"The Magic Barrel" Bernard Malamud
The following entry presents criticism on Malamud's short story "The Magic Barrel," which was first published in 1954 and later revised and included in The Magic Barrel (1958). See also Bernard Malamud Criticism (Volume 1), and Volumes 2, 3, 5, 8, 9, 11, 18, 27.
The title story of Malamud's prizewinning first short story collection, "The Magic Barrel" is one of his most frequently discussed works of short fiction. Described by Sanford Pinsker as "quintessential Malamud—in form, content, and perhaps most of all, in moral vision," the story combines elements of realism and fantasy in an urban, Jewish setting and centers on the protagonist's struggle to break through the barriers of personal isolation. While Malamud's handling of such themes as love, community, redemption, and Jewish identity has been widely praised, he is also noted for his creative use of ambiguity. Consequently, "The Magic Barrel" has generated a wide array of interpretations.
Plot and Major Characters"The Magic Barrel" focuses on the interaction of two main characters: a young, unmarried rabbinical student named Leo Finkle and Pinye Salzman, a vulgar, yet colorful, marriage broker who smells distinctly of fish.
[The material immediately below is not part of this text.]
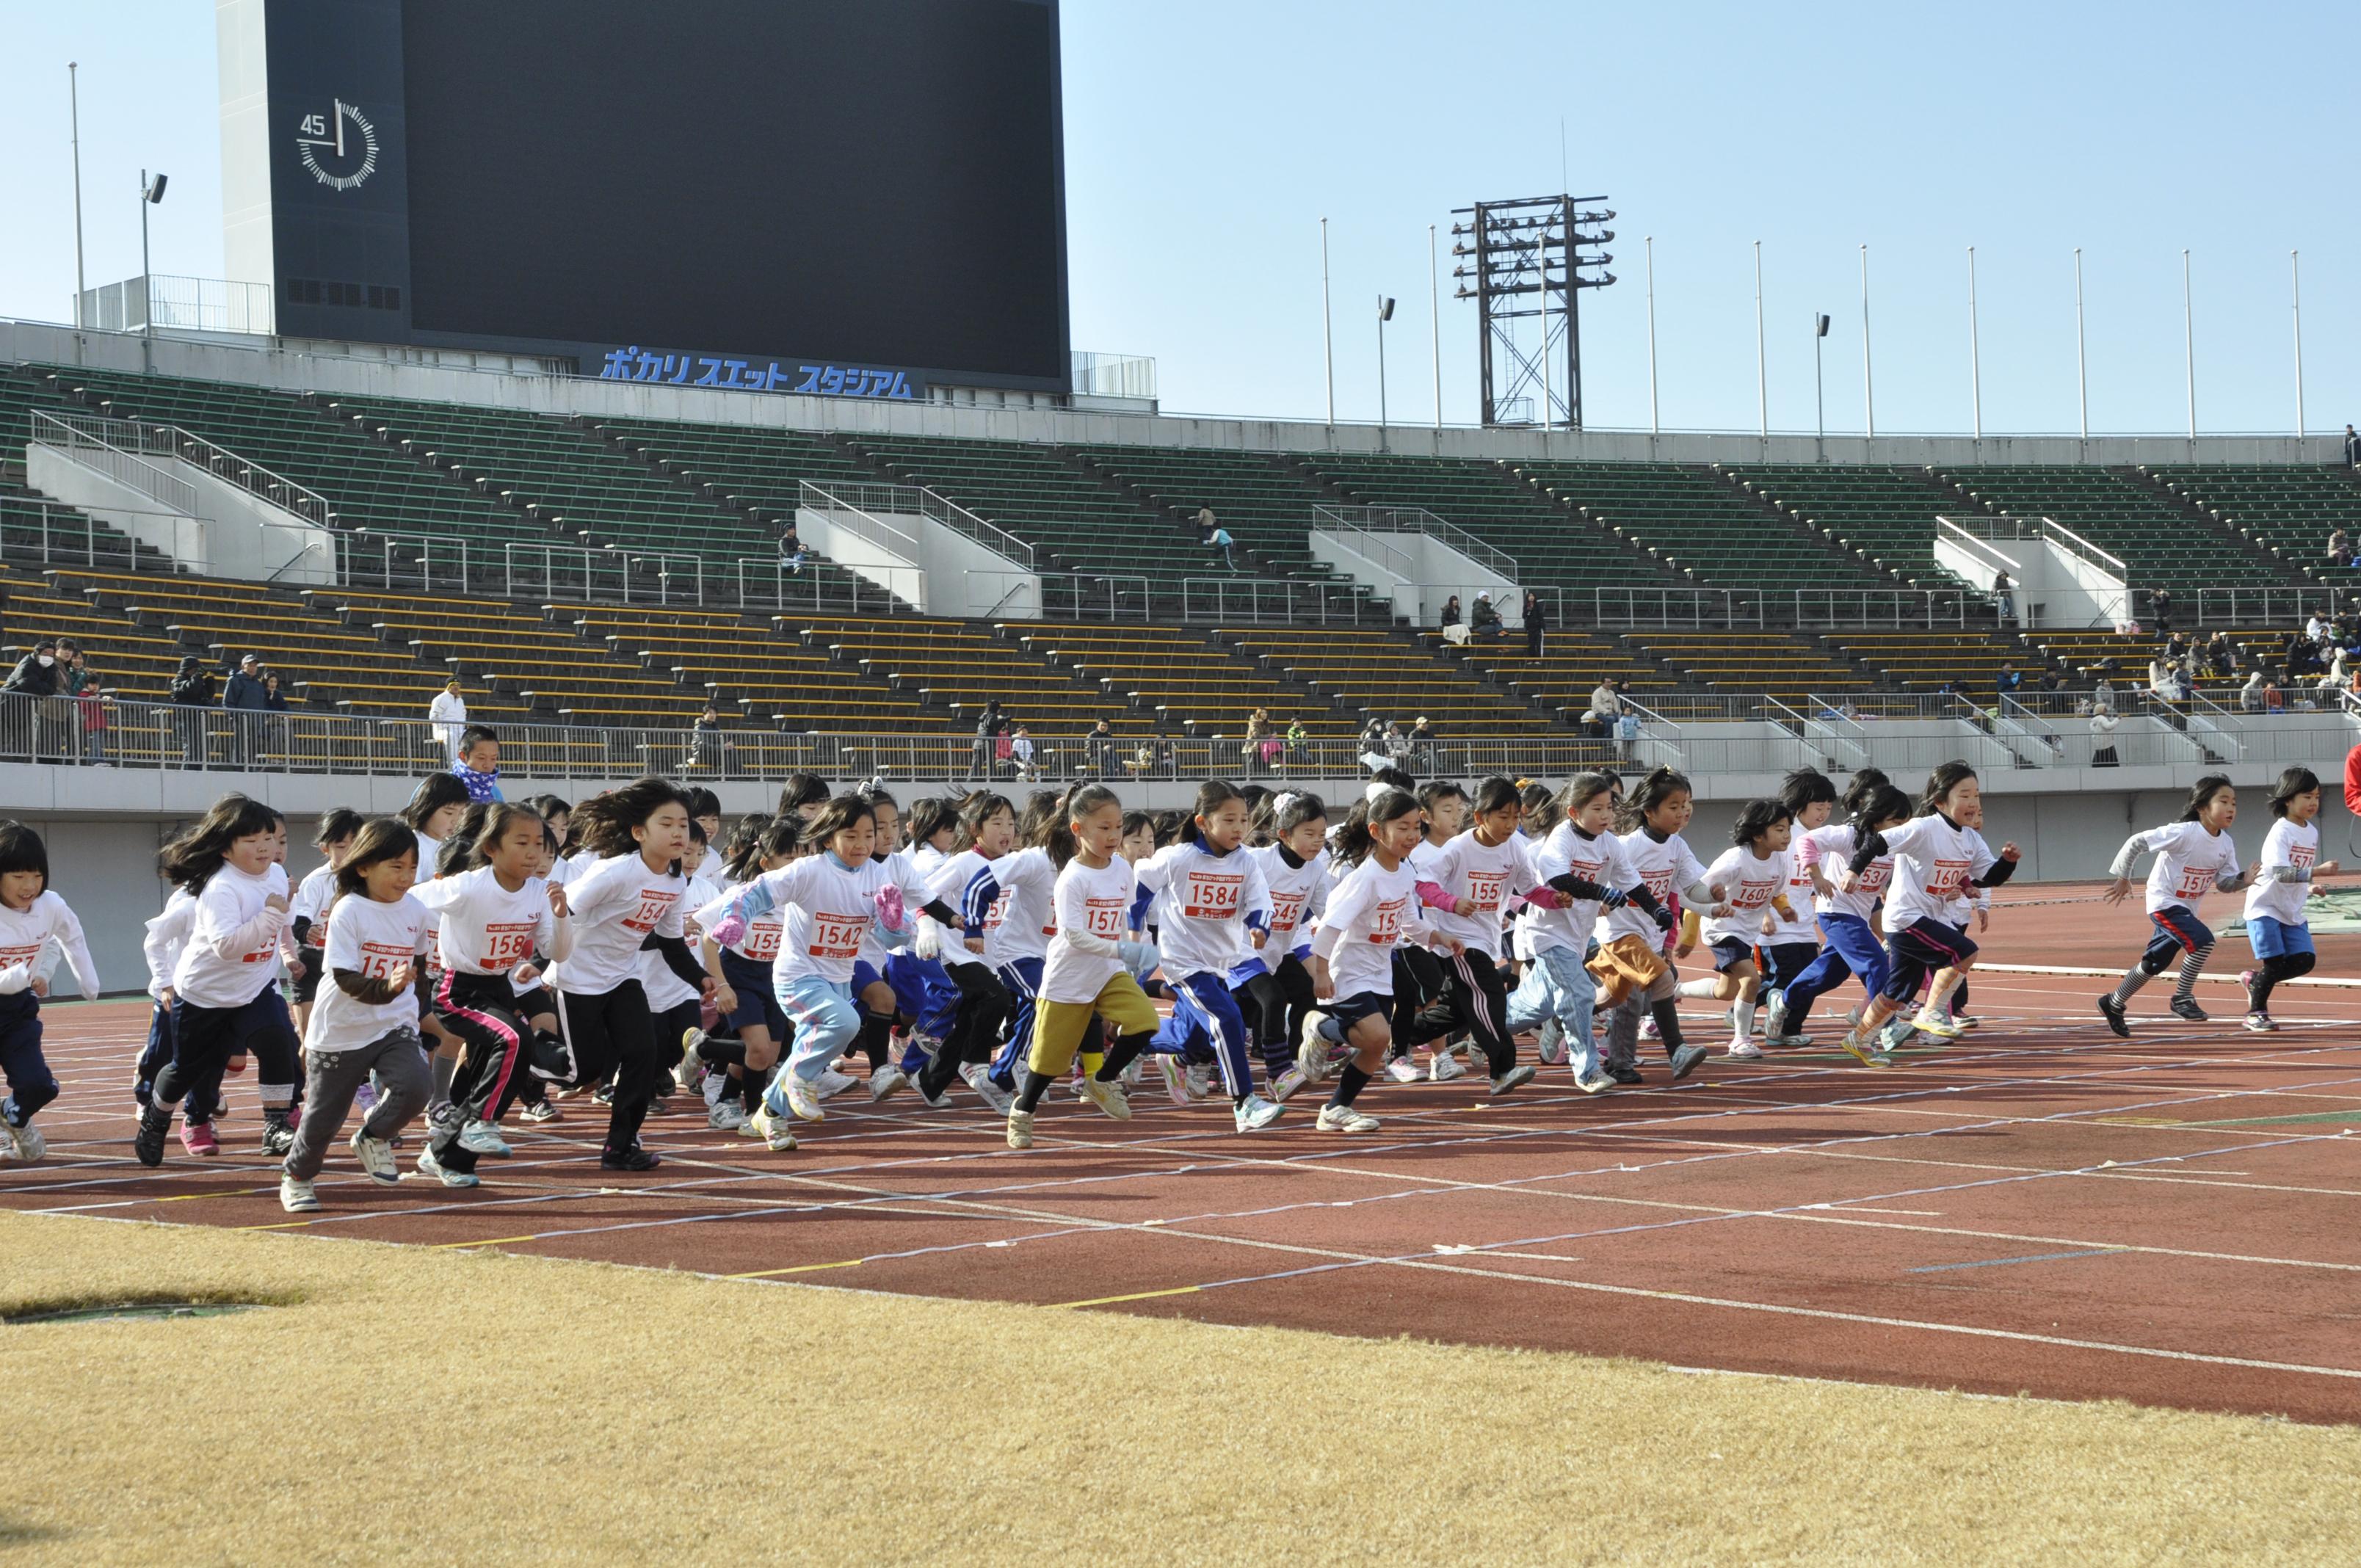 ちびっ子マラソン大会とは元気な子供たちを、未来へ送り出そう!との願いを込め、昭和60年から毎年冬の恒例イベントとしておなじみになりました。今では、小学生の男女1,700名のエントリーを数えるほどです。過去に参加したちびっ子たちが親となり、その子供たちが出場してくれることも珍しくありません。

At the story's outset, an acquaintance advises Finkle that it will be much easier for him to find a congregation after graduation if he is married. Having spent his life studying, Finkle has little experience in the area of romance and reluctantly decides to engage the services of Salzman. The marriage broker shows Finkle numerous pictures of potential brides from his "magic barrel" and comments on their qualities, particularly their ages, educational backgrounds, family connections, and the size of their dowries. Finkle, however, seems uninterested in Salzman's usual selling points and constructs flimsy excuses for rejecting many of the candidates. Salzman eventually convinces Finkle to meet a woman named Lily Hirschorn. During his traumatic encounter with Hirschorn, Finkle recognizes that his life has been emotionally empty and that he has lacked the passion to love either God or other humans. Finkle's discovery of a picture of Salzman's daughter, Stella, prompts him to act on his new self-knowledge. Distinctive from the women in the previous photographs, Stella appears to be someone who has lived and suffered deeply. Salzman refers to her as a fallen woman, stating that "she should burn in hell," and argues that the presence of her picture among the others was a mistake and that she is not the woman for Finkle. Finkle, however, remains strongly attracted to Stella and envisions an opportunity to "convert her to goodness, himself to God." The story's concluding tableau is highly ambiguous. It depicts Finkle running toward Stella, who is standing under a lamppost dressed in a white dress and red shoes, while Salzman stands next to a wall around the corner, chanting the kaddish, a prayer for the dead.
Like many of Malamud's short stories, "The Magic Barrel" is essentially a love story that incorporates themes of suffering and self-discovery. Finkle's search for a wife leads to his realization of his essentially dispassionate nature, and his love for Stella stems in part from his recognition of her suffering as a mark of having truly lived. The story also suggests the presence of the miraculous in everyday life. In the final tableau, for instance, violins and candles are said to be floating in the sky, and events in the story often suggest that Salzman possesses supernatural abilities. Such images and suggestions contrast with the story's surface of realistic detail and also further the theme of the rational versus the irrational. Finkle, for example, begins the story as a representative of reason but eventually falls in love with and seeks out Stella despite Salzman's logical arguments against such a match. Other events in the story focus on the theme of Jewish identity. Some critics argue that Finkle's relationship to Salzman strengthens his connections to the Jewish community, while others posit that his attraction to Stella signifies a break with Jewish values.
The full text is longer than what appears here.